[Date Prev][Date Next][Thread Prev][Thread Next][Date Index][Thread Index]
Re: Hang in srfi-18.test
Re: Hang in srfi-18.test
Fri, 24 Oct 2008 16:25:57 +0200
Gnus/5.11 (Gnus v5.11) Emacs/22.3 (gnu/linux)
"Neil Jerram" <address@hidden> writes:
> In order for wait-condition-variable to be atomic - e.g. in a race
> where thread A holds (Scheme-level) mutex M, and calls
> (wait-condition-variable C M), and thread B calls (begin (lock-mutex
> M) (signal-condition-variable C)) - it needs to call pthread_cond_wait
> with the same underlying mutex as is involved in the `lock-mutex'
> call. In terms of the threads.c code, this means that it has to use
> M->lock, not C->lock.
> block_self() used its mutex arg for two purposes: for protecting
> access and changes to the wait queue, and for the pthread_cond_wait
> call. But it wouldn't work reliably to use M->lock to protect C's
> wait queue, because in theory two threads can call
> (wait-condition-variable C M1) and (wait-condition-variable C M2)
> concurrently, with M1 and M2 different. So we either have to pass
> both C->lock and M->lock into block_self(), or use some other mutex to
> protect the wait queue. For this patch, I switched to using the
> critical section mutex, because that is a global and so easily
> available. (If that turns out to be a problem for performance, we
> could make each queue structure have its own mutex, but there's no
> reason to believe yet that it is a problem, because the critical
> section mutex isn't used much overall.)
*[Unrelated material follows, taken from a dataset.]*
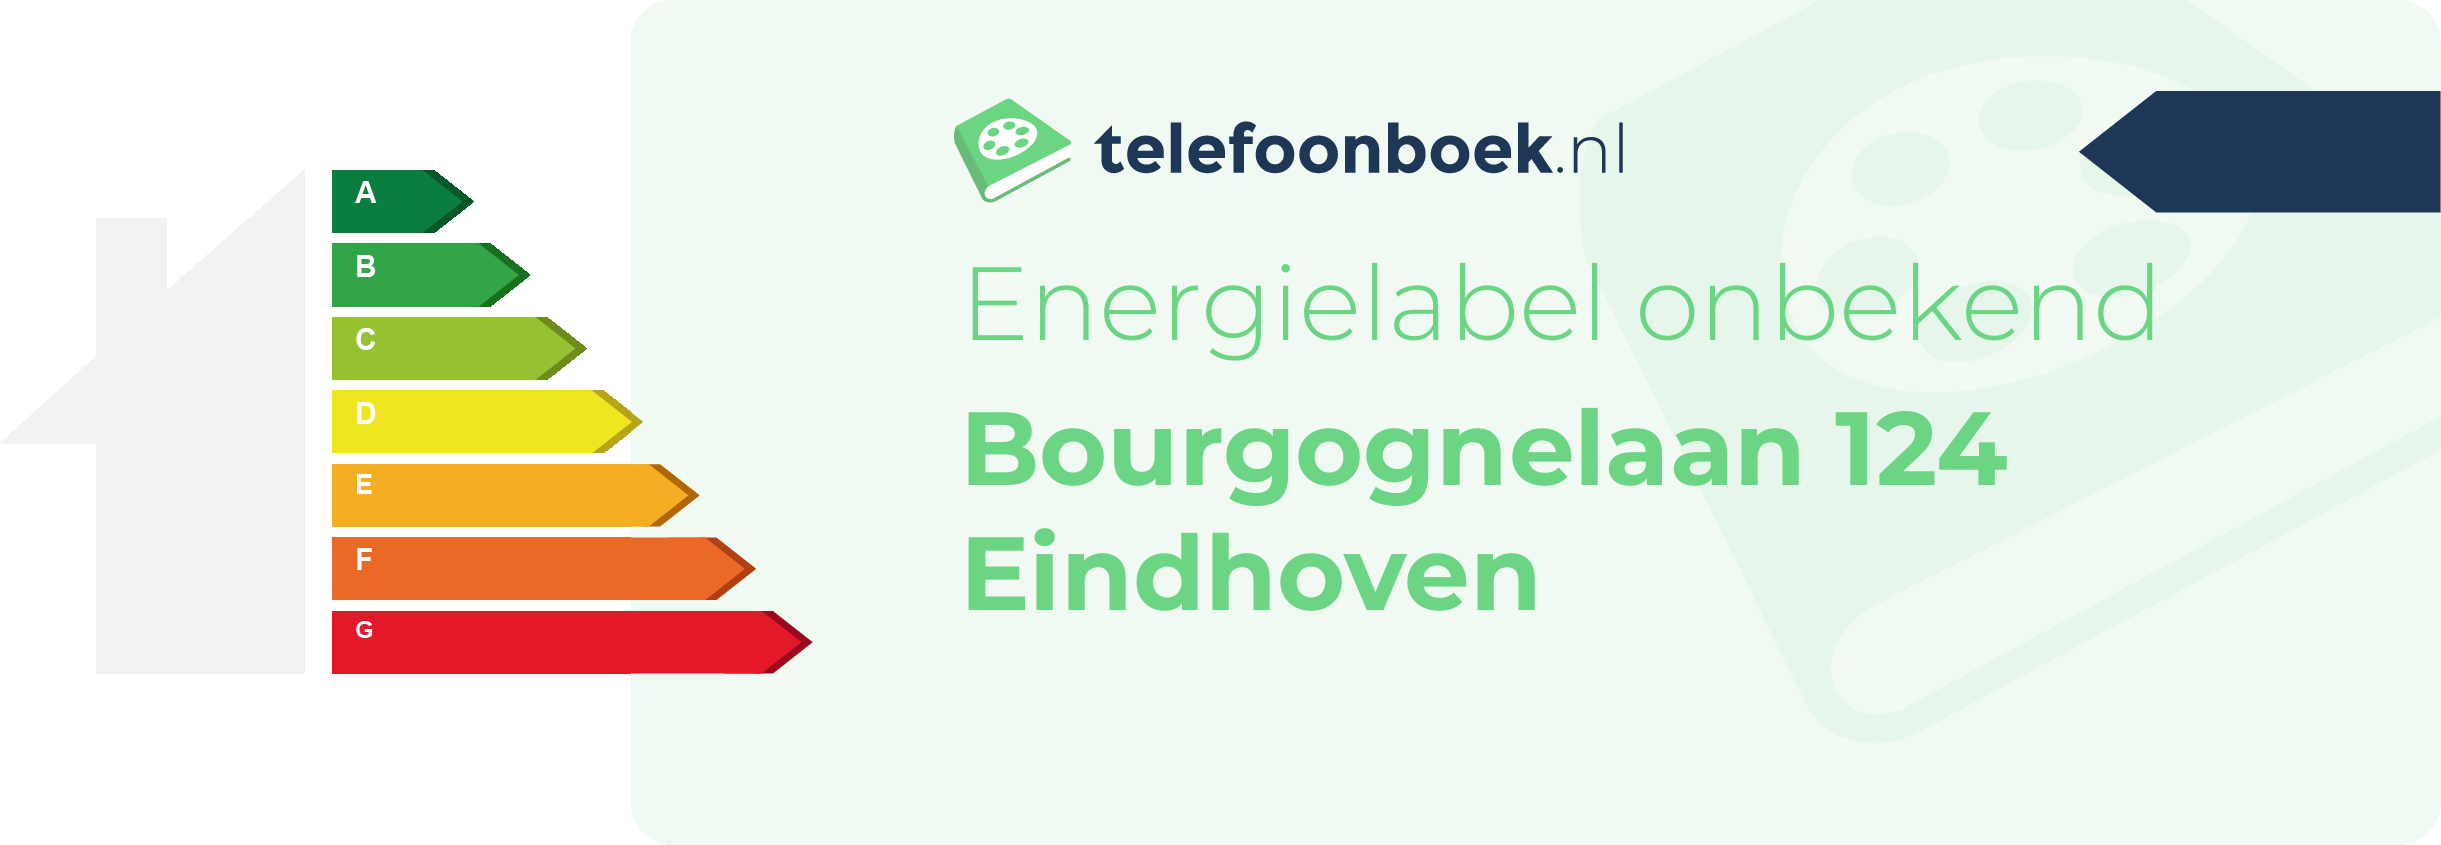 Energielabel Bourgognelaan 124 Eindhoven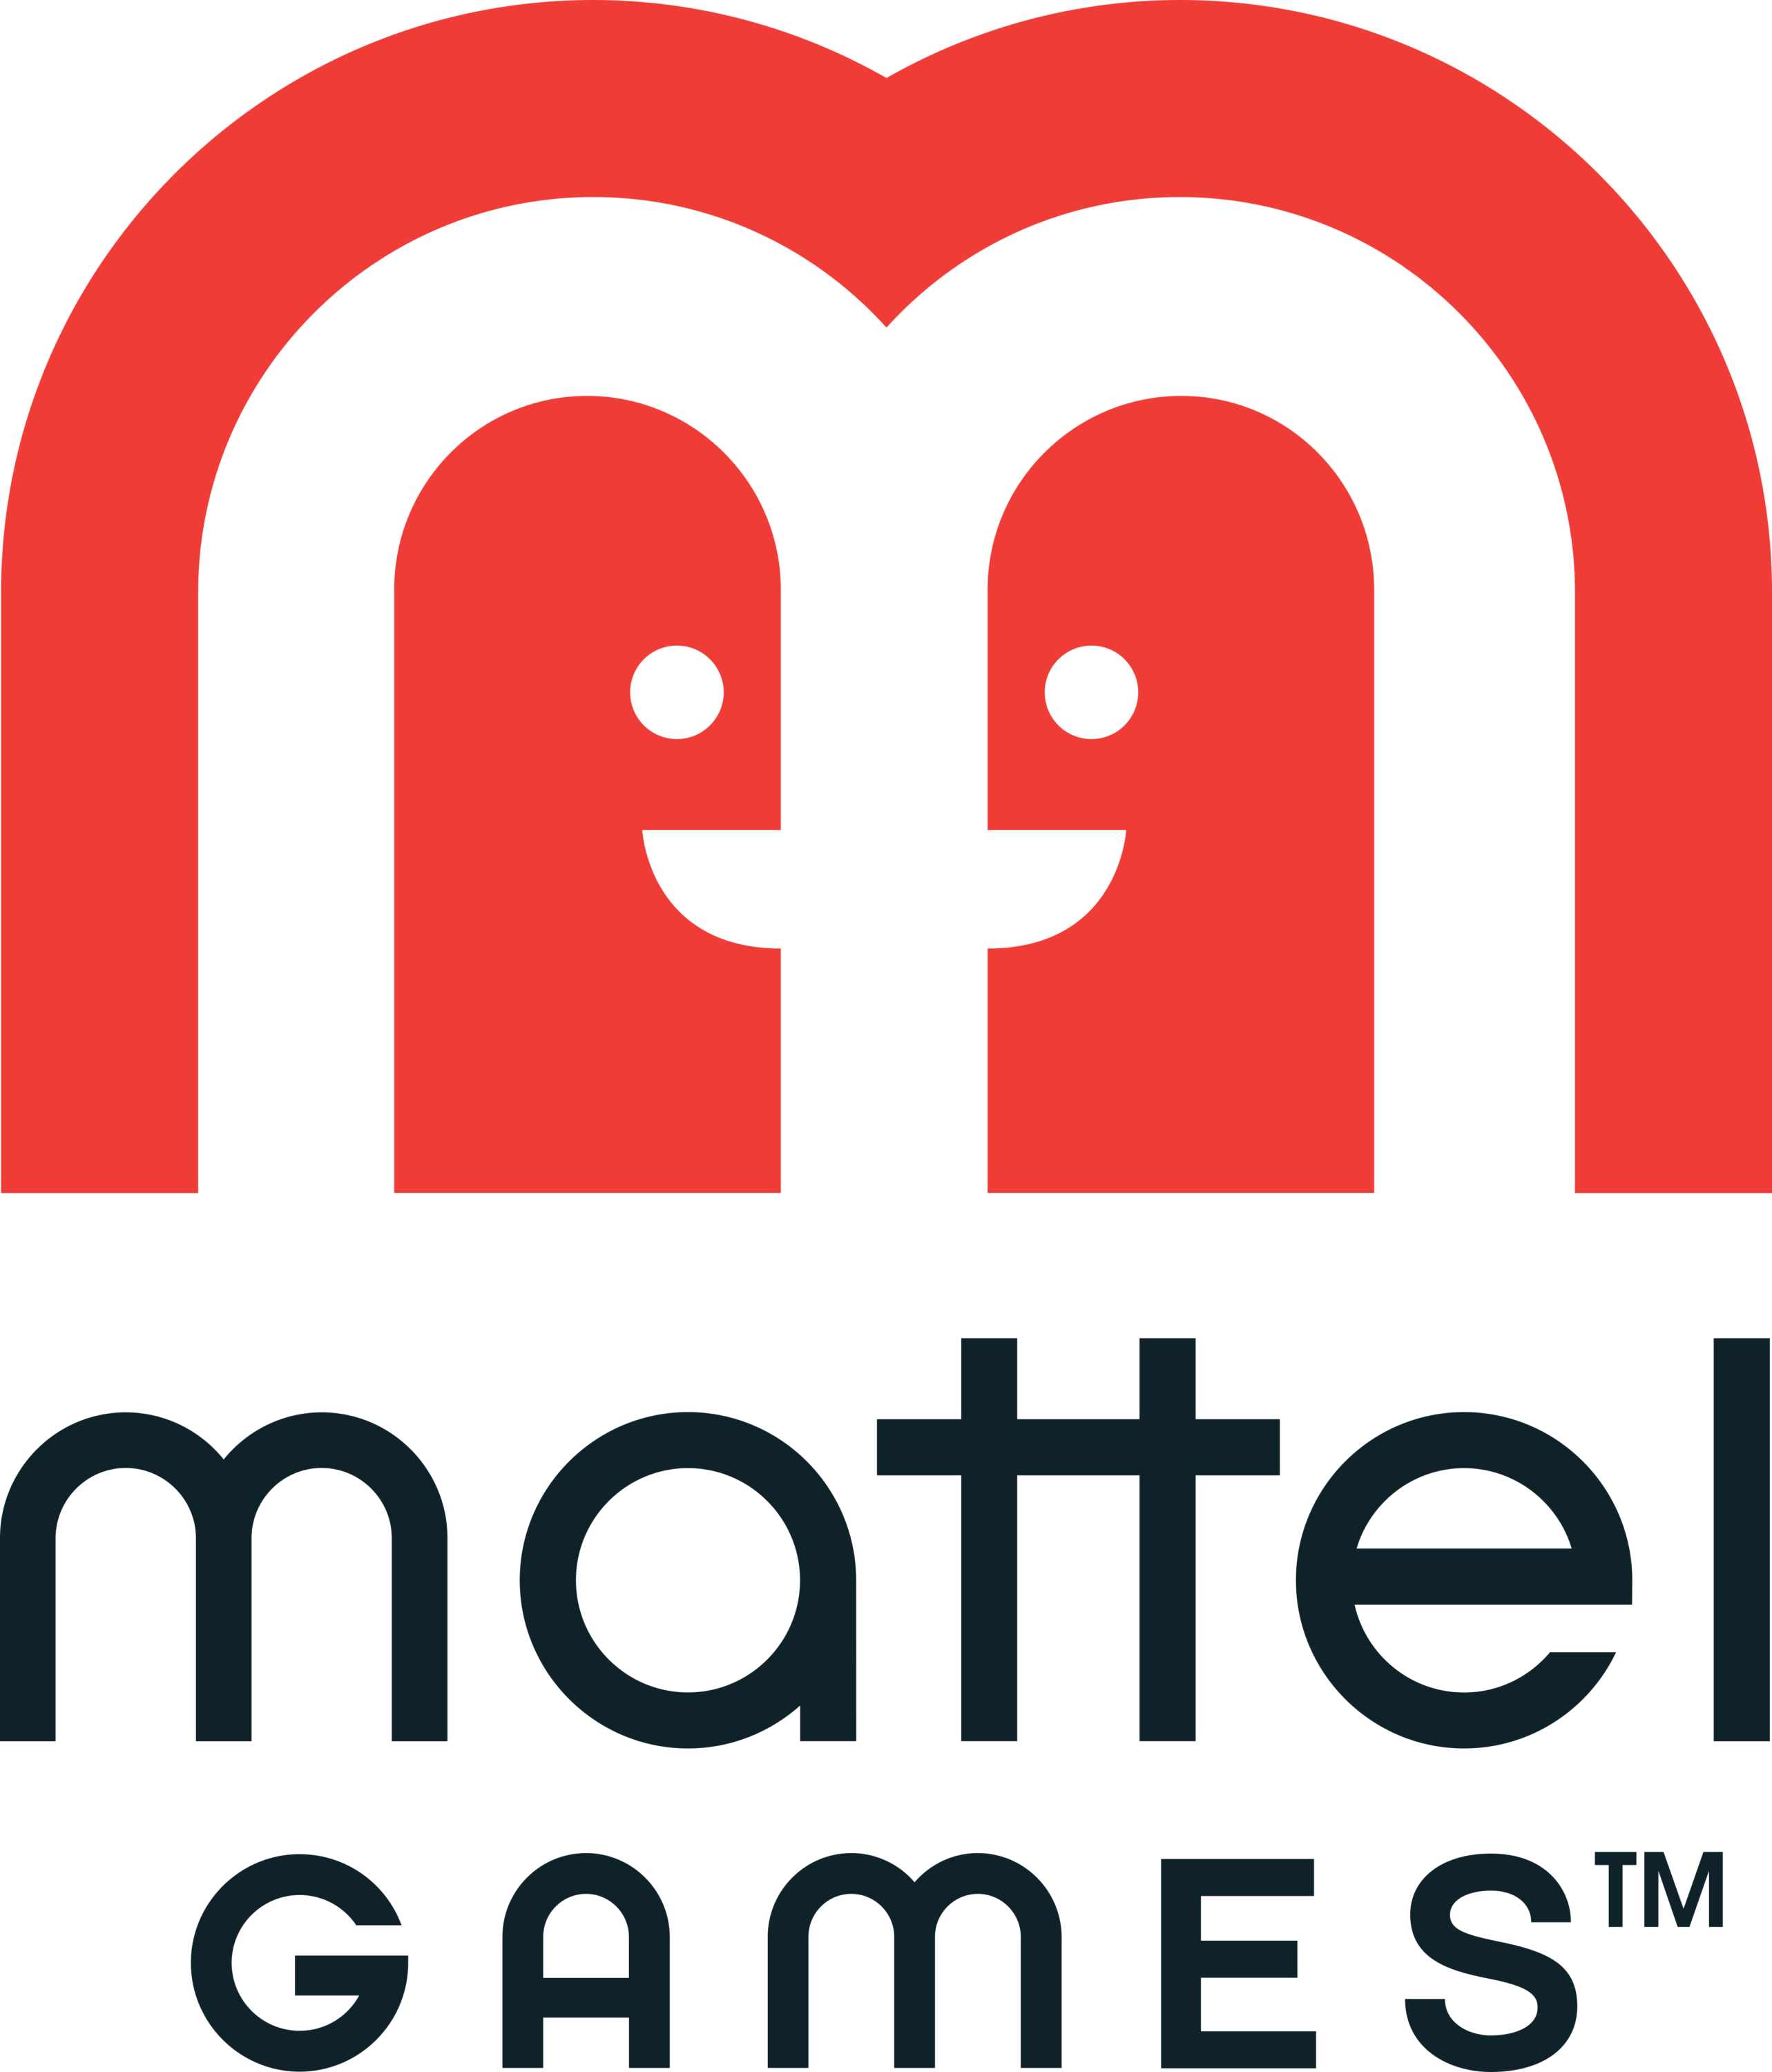 Mattel Games Logo

> So then we call block_self() with M->lock, and move where M->lock is
> unlocked to after the block_self() call, instead of before.
> That solves the first hang, but introduces a new one, when a SRFI-18
> thread is terminated (`thread-terminate!') between being launched
> (`make-thread') and started (`thread-start!'). The problem now is
> that pthread_cond_wait is a cancellation point (see man
> pthread_cancel), so the pthread_cond_wait call is one of the few
> places where a thread-terminate! call can take effect. If the thread
> is cancelled at that point, M->lock ends up still being locked, and
> then when do_thread_exit() tries to lock M->lock again, it hangs.
> The fix for that is a new `held_mutex' field in scm_i_thread, which is
> set to point to the mutex just before a pthread_cond_(timed)wait call,
> and set to NULL again afterwards. If on_thread_exit() finds that
> held_mutex is non-NULL, it unlocks that mutex.
> A detail is that checking and unlocking held_mutex must be done before
> on_thread_exit() calls scm_i_ensure_signal_delivery_thread(), because
> the innards of scm_i_ensure_signal_delivery_thread() can do another
> pthread_cond_wait() call and so overwrite held_mutex. But that's OK,
> because it's fine for the mutex check and unlock to happen outside
> Guile mode.
Ouch. I'm afraid I'm not familiar enough with that code to say anything
meaningful, but I'd be so happy to see that `srfi-18.test' deadlock
vanish that the only thing I can say is: go ahead! :-)
Thanks for your debugging and report!
Do you think it would be feasible to add tests for the corner cases you
mentioned (e.g., two threads calling `wait-condition-variable' on the
same condition but with a different mutex)?
> Lastly, C->lock is then not needed, so I've removed it.